As for the, very small, 26 gauge wires; That may, or may not, work, depending on how you are throwing the turnouts. Whenever twin coil machines are used; It's a good precaution to use a capacitive discharge unit (C.D.U.) to protect the coils of expensive turnouts from burning out. Another advantage of using a C.D.U. is the ability to throw several turnouts at once to select an entire route. Such a unit produces very high current for a fraction of a second. Small gauge wires present a lot of resistance to the instantaneous transfer of heavy current. Result? The turnouts don't work!
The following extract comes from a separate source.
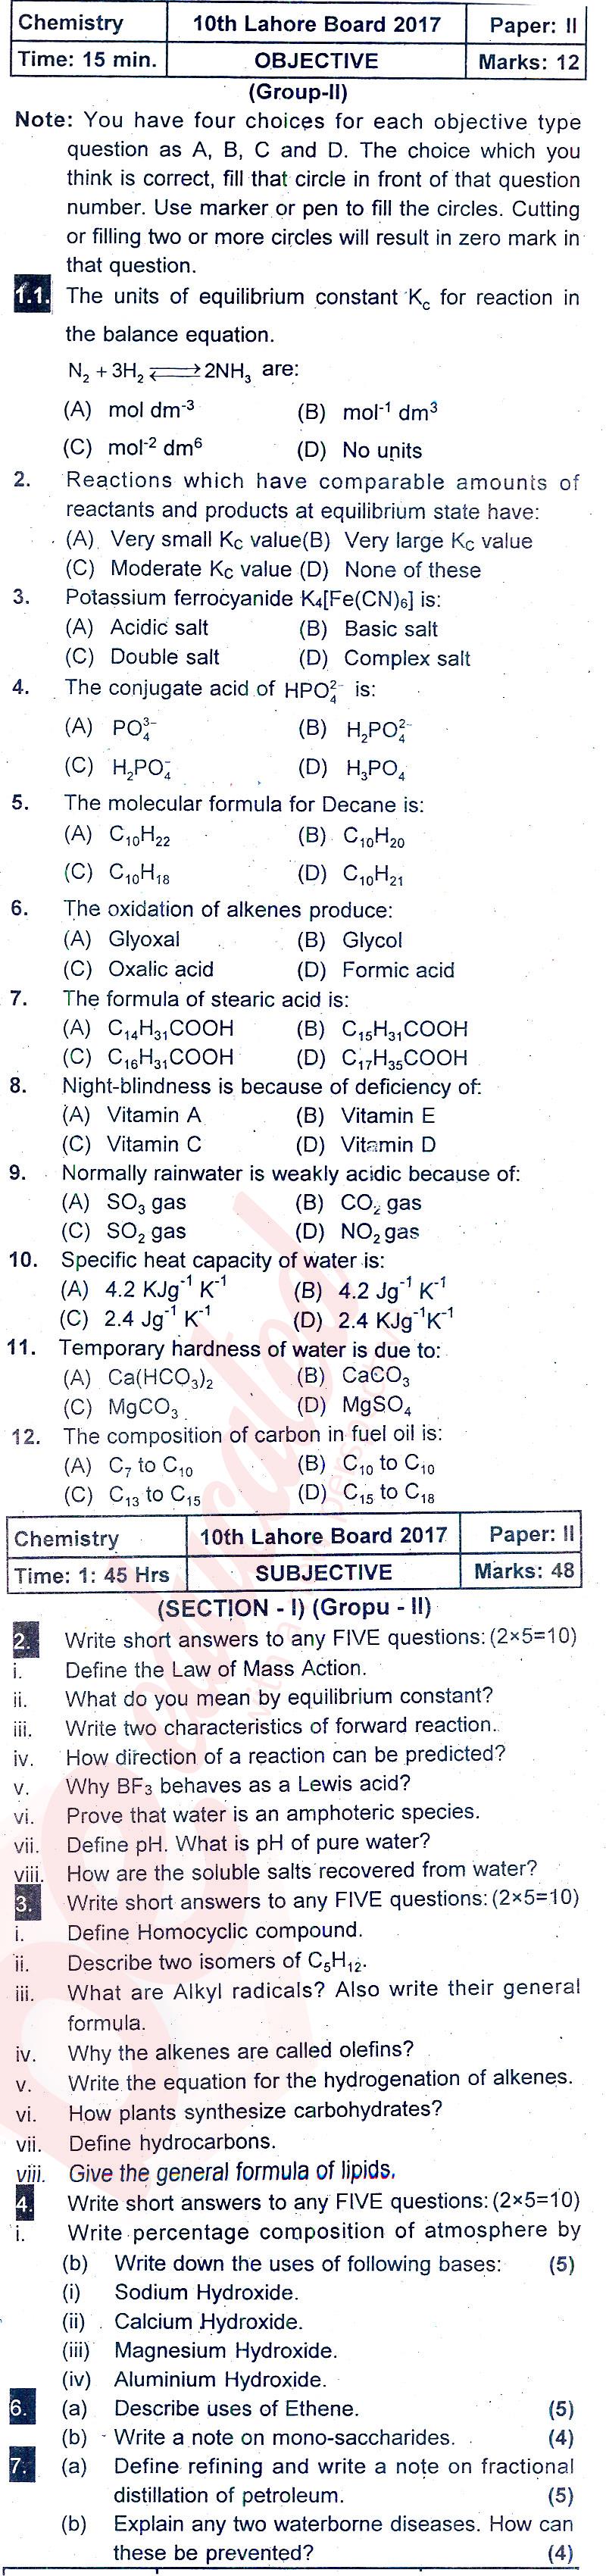 Chemistry 10th class Past Paper Group 2 BISE Lahore 2017

If you are using twin coil machines, I would recommend considerably bigger wire, (22ga.-20ga.) especially for the common ground wire, if route control is used, as it must carry the combined current of all the turnouts on that route. If you are not using a capacitive discharge unit, and only operating one turnout at a time, then you may be able to use smaller wire. 
Motors using DC (Tortoise, Switchmaster, Etc.) don't use the high current, and should work with small wire.

Traction Fan


----------



## wvgca (Jan 21, 2013)

small gauge wire can readily be obtained from used serial and printer cables ...
they can sometimes be obtained for free, or very low cost from garage sales or thrift stores


----------



## ModelWarships (Mar 11, 2013)

I'm using Cat 5 network cabling. Four 8 conductor cables tied together takes care of turnouts and track power. I left a generous loop with lots of slack to allow the drawers to slide mostly out without disconnecting anything.


----------



## PRR-Bob (Apr 23, 2016)

All good ideas; but I didn't see any reference to stranded wire. Did I miss it?
Solid wire that is moved about can break inside the insulation and cause intermittent problems. Stranded wire is much more reliable for this application. On a large layout, you can terminate your wiring on a terminal block and attach stranded wire from there to the moveable control panel; whether a draw or dropdown panel.


----------



## gunrunnerjohn (Nov 10, 2010)

You can get stranded CAT5 cable, it's what is used for patch cables.


----------